4 independent optimizations, ordered by impact:

**Step 1: Power-of-2 capacity + AND indexing (~16-26ns savings)**
In `cg_intrinsic_concurrency.qz`: (a) Round up capacity to next power-of-2 in `channel_new` (guard: skip for cap=0 rendezvous). (b) Replace ALL 7 `urem i64 %x, %cap` with `%mask = sub i64 %cap, 1; %mod = and i64 %x, %mask`.

**Step 2: Conditional condvar signal (~3-5ns savings)**
In `cg_intrinsic_concurrency.qz`: Only call `pthread_cond_signal` when buffer transitions empty→non-empty (send) or full→non-full (recv). Skip signal when no waiters possible.

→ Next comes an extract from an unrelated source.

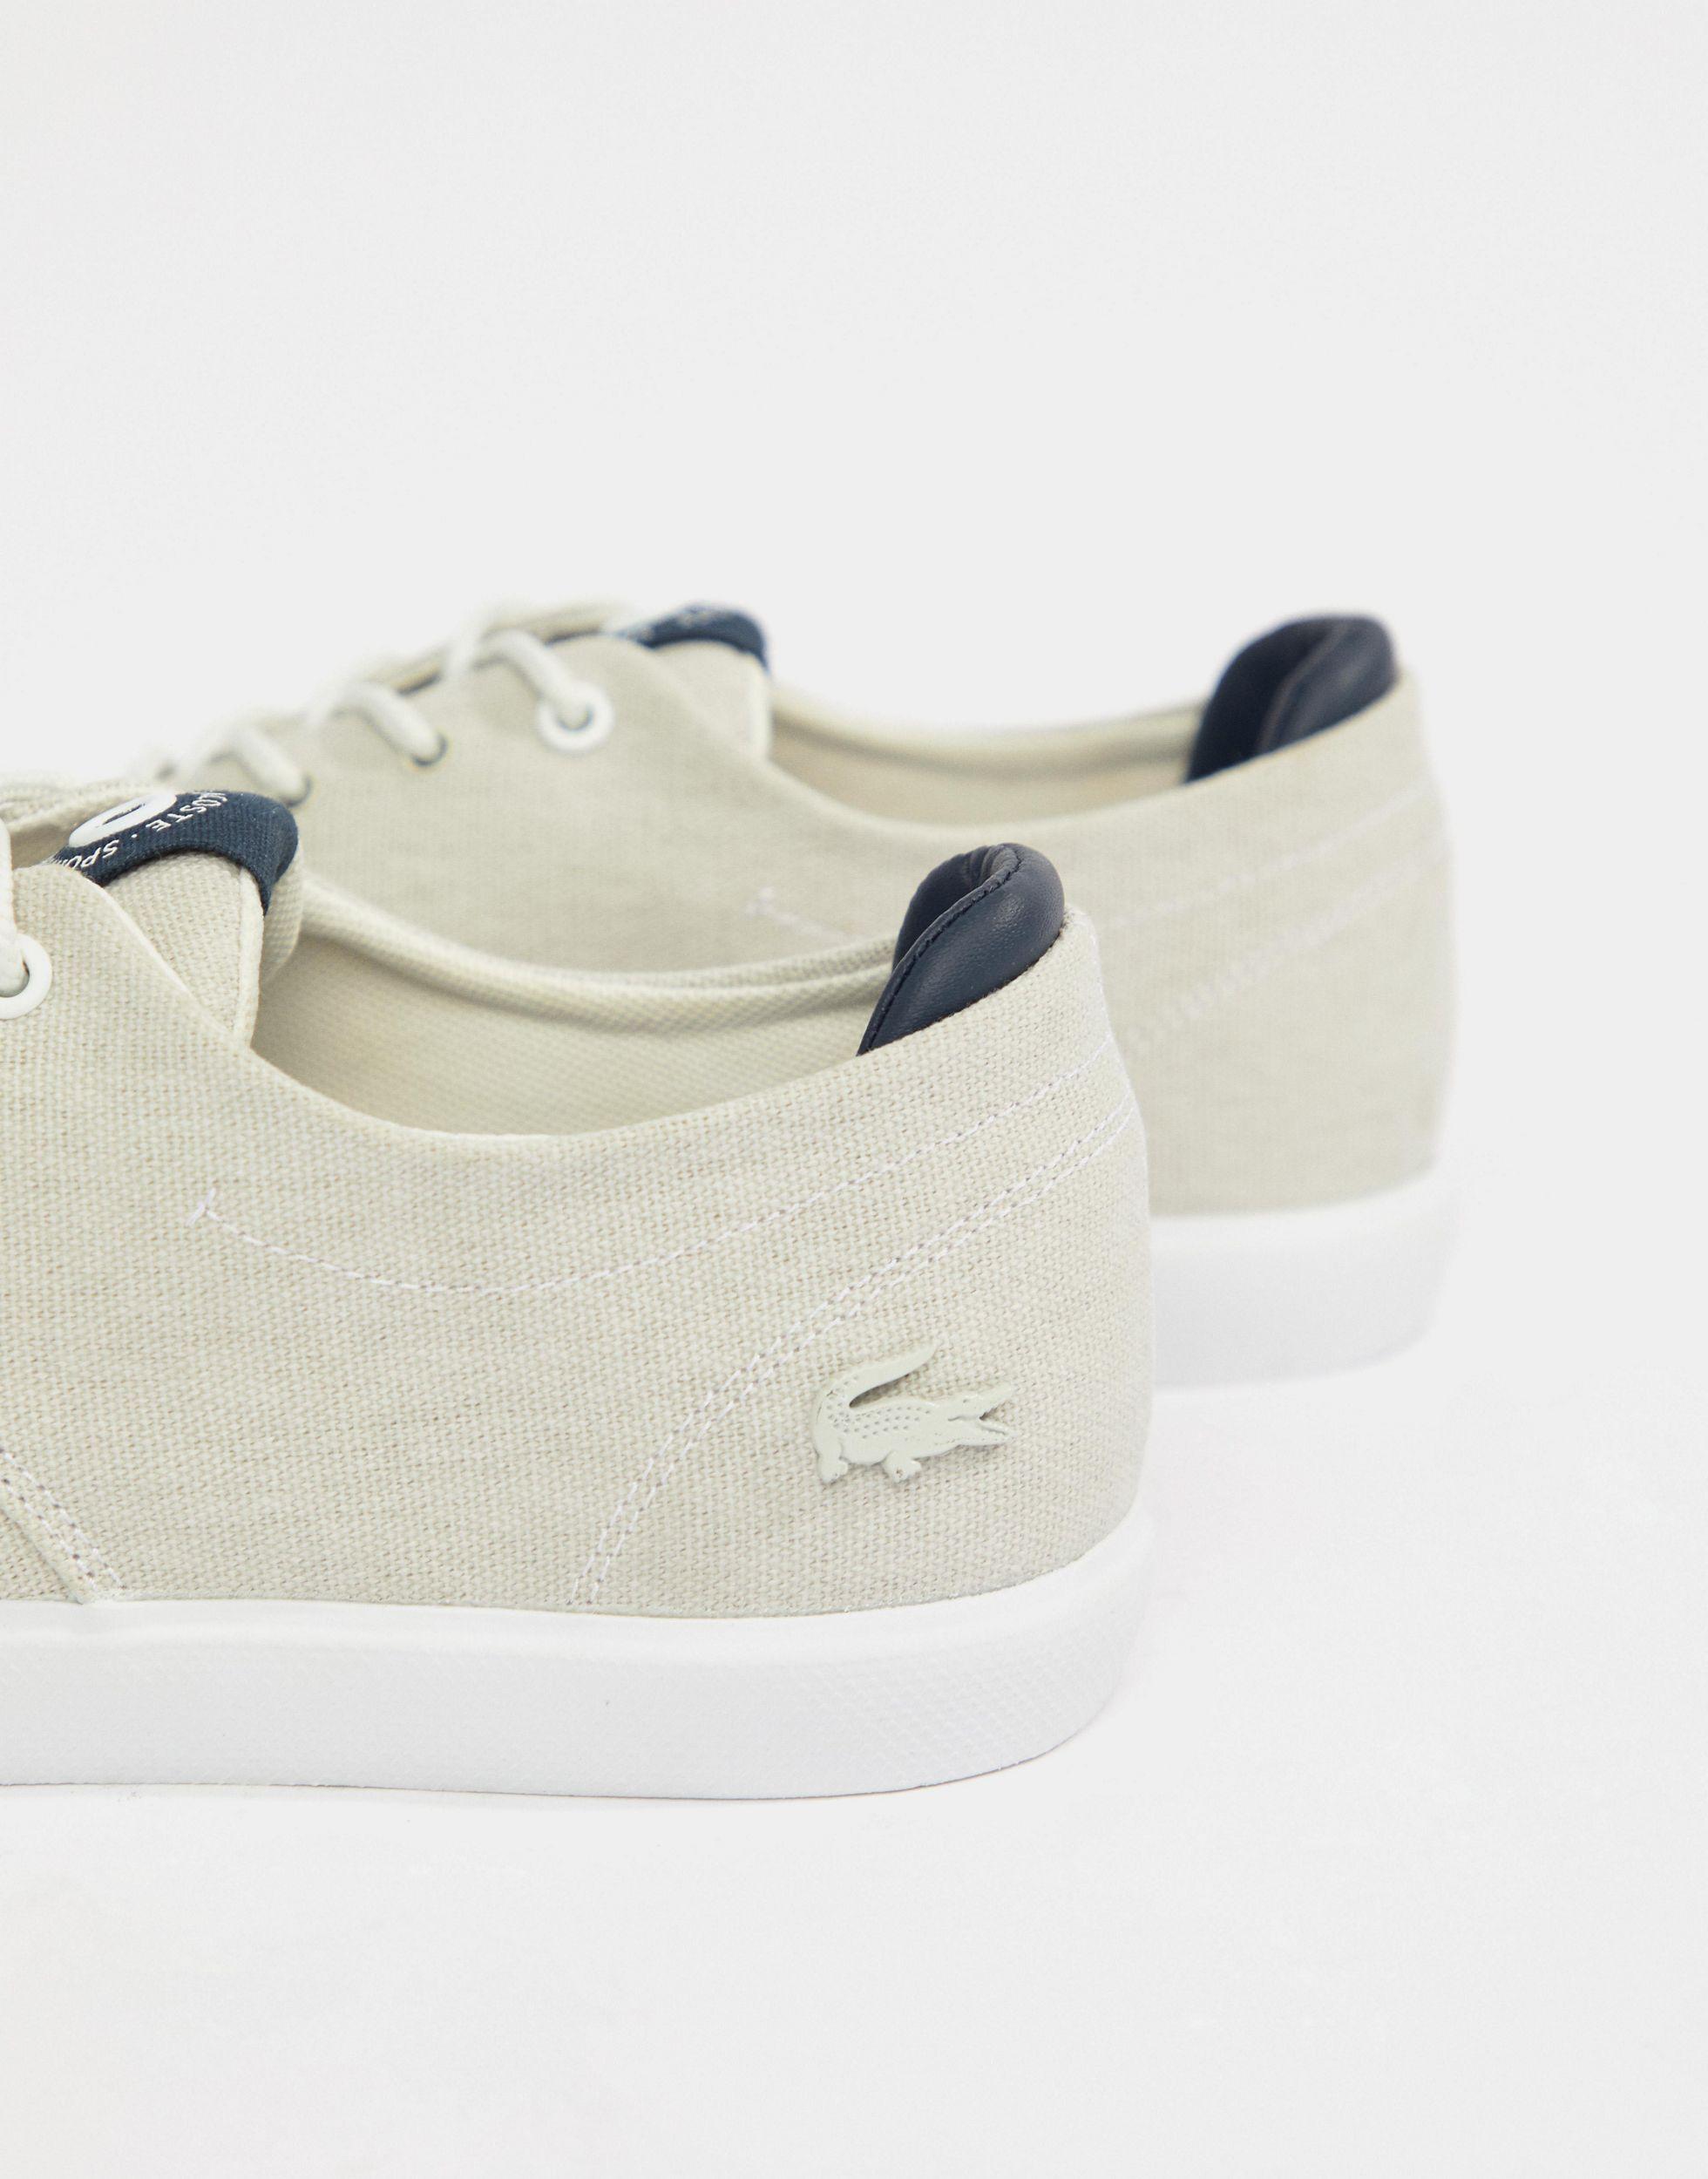 Lacoste Canvas Resort 123 1 CMA Canvas Trainers - Navy/Off White | Standout

**Step 3: try_send recv_waiter wake (correctness fix)**
In `cg_intrinsic_concurrency.qz`: `try_send` never wakes parked async receivers at offset 168. Add the same wake pattern that blocking `send` has (lines 2994-3024).

**Step 4: Sampled time accounting (~1-2ns amortized)**
In `codegen_runtime.qz`: Worker loop calls `time_mono_ns()` twice per poll. Sample every 64th poll instead, scale by 64.

Key files
- self-hosted/backend/cg_intrinsic_concurrency.qz — Steps 1, 2, 3 (channel_new, send, recv, try_send, try_recv)
- self-hosted/backend/codegen_runtime.qz — Step 4 (worker loop lines 1749-1769)
- tools/sched_bench.qz — Benchmark (read-only)

Verification after each step
1. `./self-hosted/bin/quake build`
2. `./self-hosted/bin/quake fixpoint`
3. Compile+run spec/qspec/concurrency_spec.qz natively — 40/57 pass
4. `./self-hosted/bin/quake sched_bench` — channel_throughput improvement

Current commit: c0c8da9 on trunk branch.
CLAUDE.md for build commands.

Prime Directives: World-class only. No shortcuts. No silent compromises. Fill every gap.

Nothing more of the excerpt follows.